Тем временем копейщик справился со своей лошадью и вновь направил ее на меня. Он ткнул в мою сторону копьем, но я лишь отклонился, ухватился за ясеневое древко и сильно дернул. Всадник был вынужден выпустить копье, иначе он вывалился бы из седла. Лишившись копья, он решил выхватить меч, но его лошадь вдруг попятилась, и он замешкался. Именно в это мгновение я и вонзил Вздох Змея ему в правое бедро, под кольчугу. Почувствовав, как лезвие рассекло мышцы и наткнулось на кость, я быстрым и мощным движением надавил на меч и повернул. И опять из глубины леса донесся голос:

– Нет!

Но да. Копейщик успел только наполовину вытащить свой меч из ножен. Из раны по его ноге текла кровь. Я левой рукой ухватил его за правый локоть и сдернул с лошади.

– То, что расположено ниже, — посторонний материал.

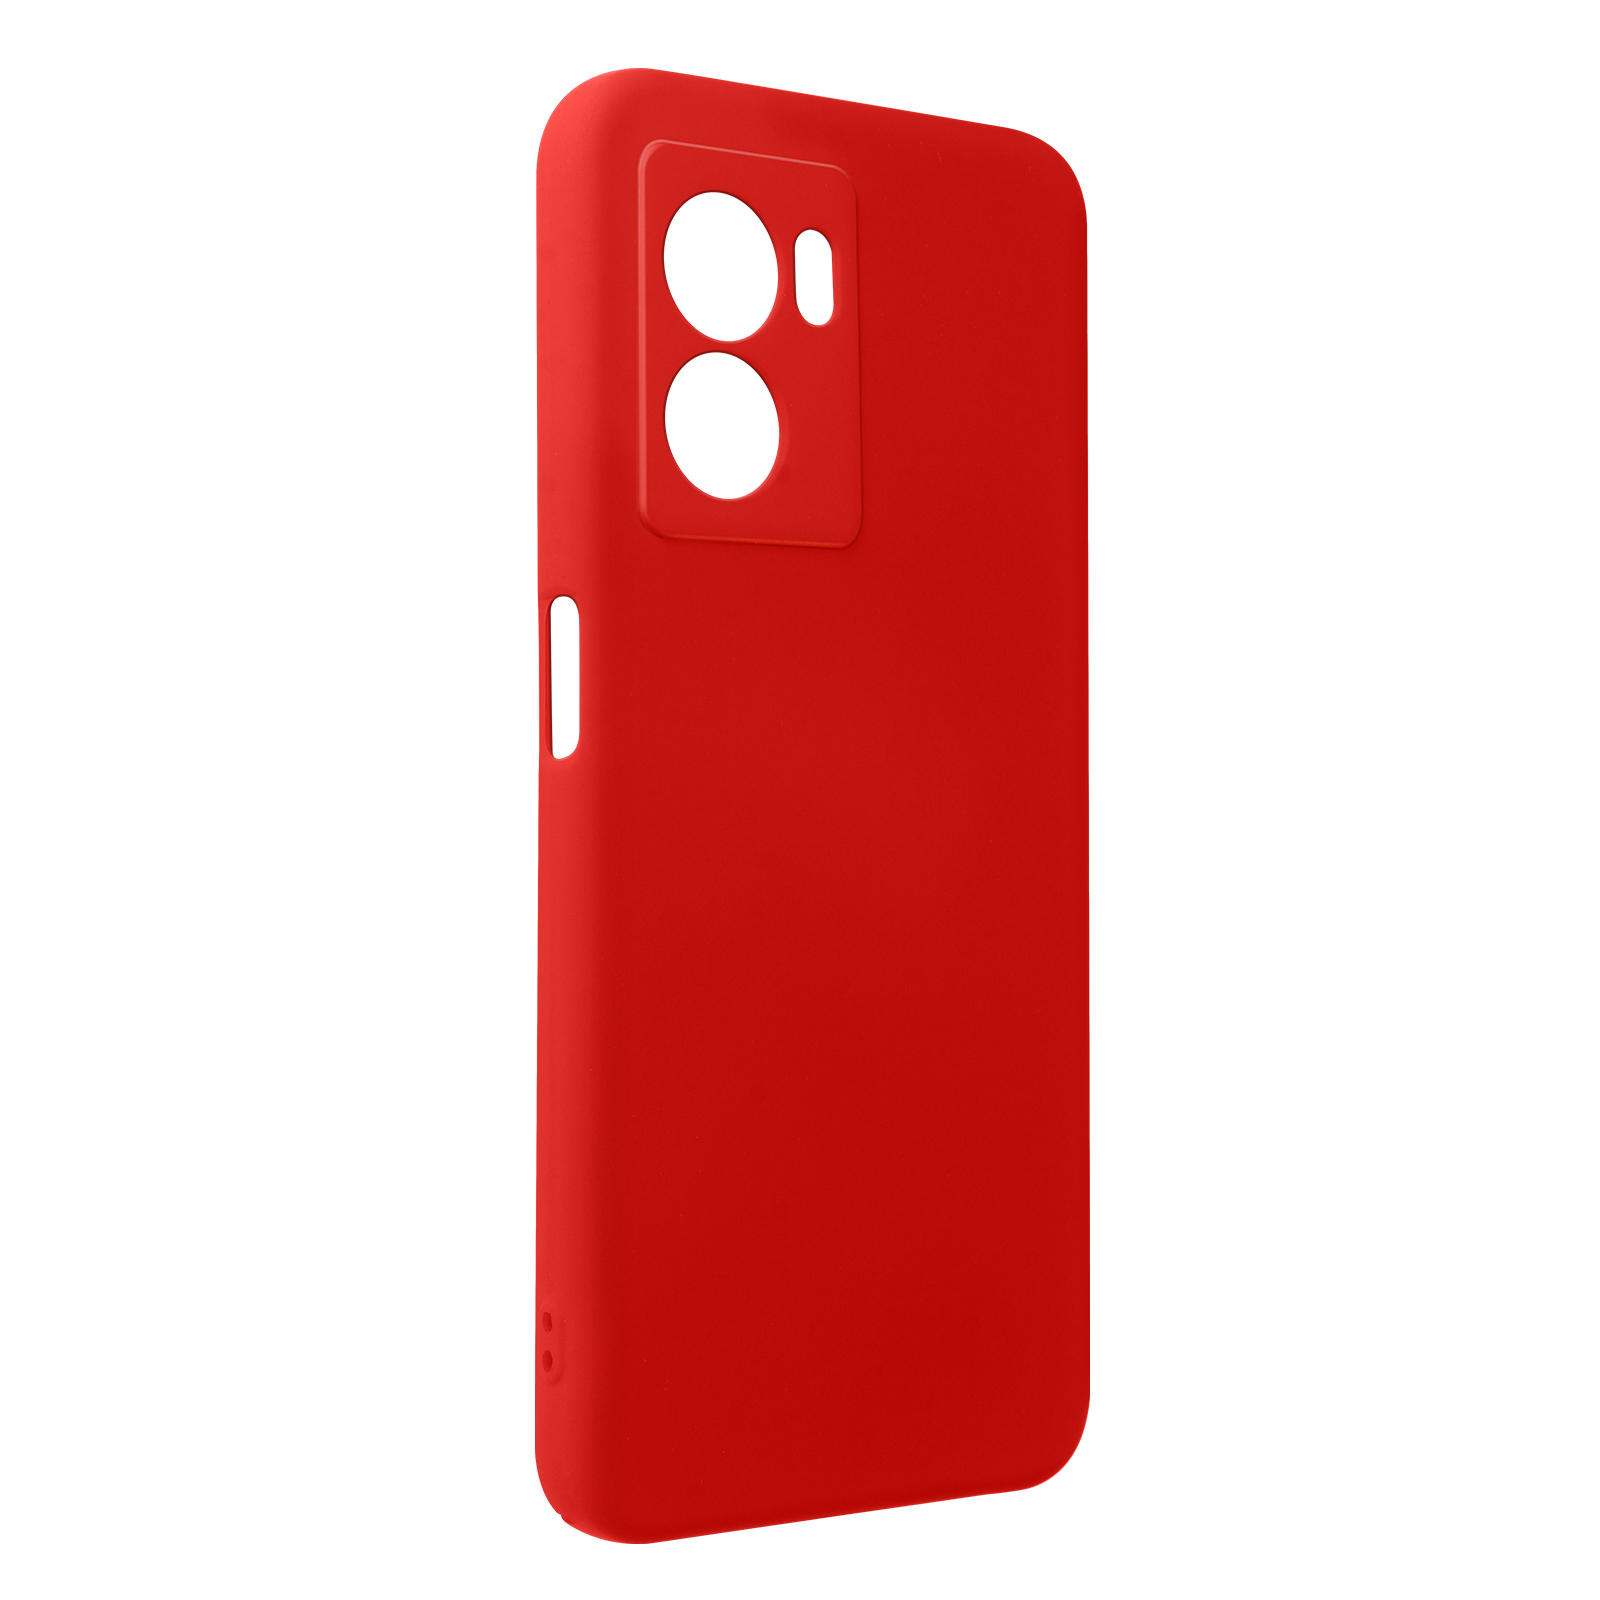 AVIZAR Soft Touch Rot Oppo, Series, Oppo Backcover, A57

– Идиот, – рявкнул я и убил его точно так же, как убил его товарища, а потом быстро повернулся в ту сторону, откуда раздавался голос.

Тишина.

Где-то далеко затрубил рог, в ответ ему протрубил другой. Звуки доносились с юга, и я понял, что Эдуард на подходе. Начал звонить колокол, вероятно в Сефтесбери, в конвенте или в церкви. Раненая лошадь жалобно ржала. Копейщик умер, и я вытащил меч из его горла. Мои сапоги потемнели от крови. Я ощущал страшную усталость. Я мечтал о еде, о мягкой кровати и о теплой шлюхе, но был вынужден пойти туда, откуда на тропу выскочили эти два идиота.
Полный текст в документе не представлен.